Politically, Christie may have taken control of some criticism he was bound to receive anyway. As a former U.S. attorney running for governor in 2009, Christie voiced support for some of New Jersey's gun laws, suggesting fewer guns are better -- something conservative critics could easily raise, regardless of his current push for new laws, should he ever run for president.
"At the end of the day, what I support are common-sense laws that will allow people to protect themselves," Christie told Fox News's Sean Hannity in an October 2009 interview, days before he defeated Democratic incumbent Gov. Jon Corzine. "But I also am very concerned about the safety of our police officers on the streets. Very concerned. And I want to make sure that we don't have an abundance of guns out there."
Taking an active approach to gun control could be considered a low-cost move, Monmouth University polling director Patrick Murray suggested.
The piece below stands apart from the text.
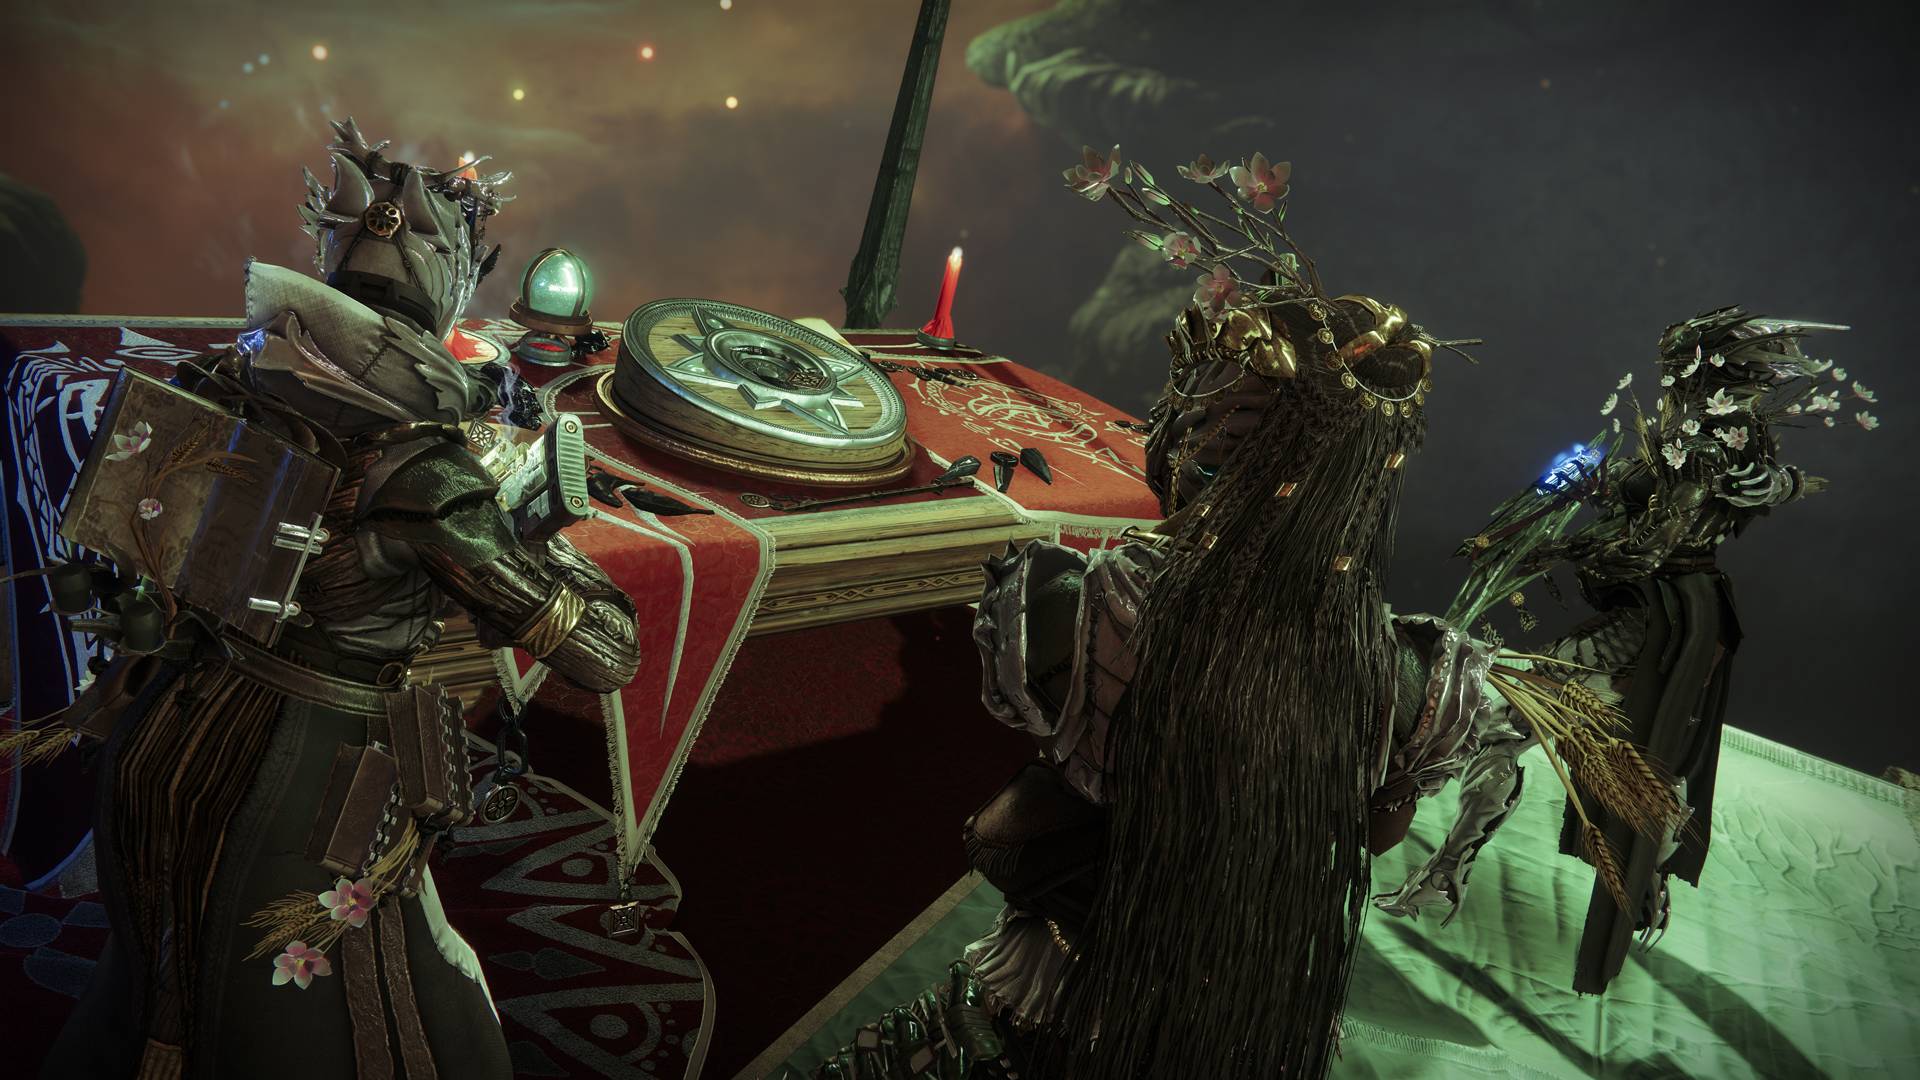 Destiny 2 Season of the Witch guardians looking at arcana cards on lectern of divination

"Voters in New Jersey don't see this as a major issue that needed to be addressed in the state, but it helps him to address the charges that he's out of step on some of the social issues, namely gay marriage and abortion," Murray said.
"The calculation that he made here is that in the wake of the Newtown tragedy, he had to do something. In New Jersey, there wasn't a requirement to do much of anything" because of the state's already-stringent gun laws, Murray said. "Those that were going to go after him on his gun stances were going to do that anyway."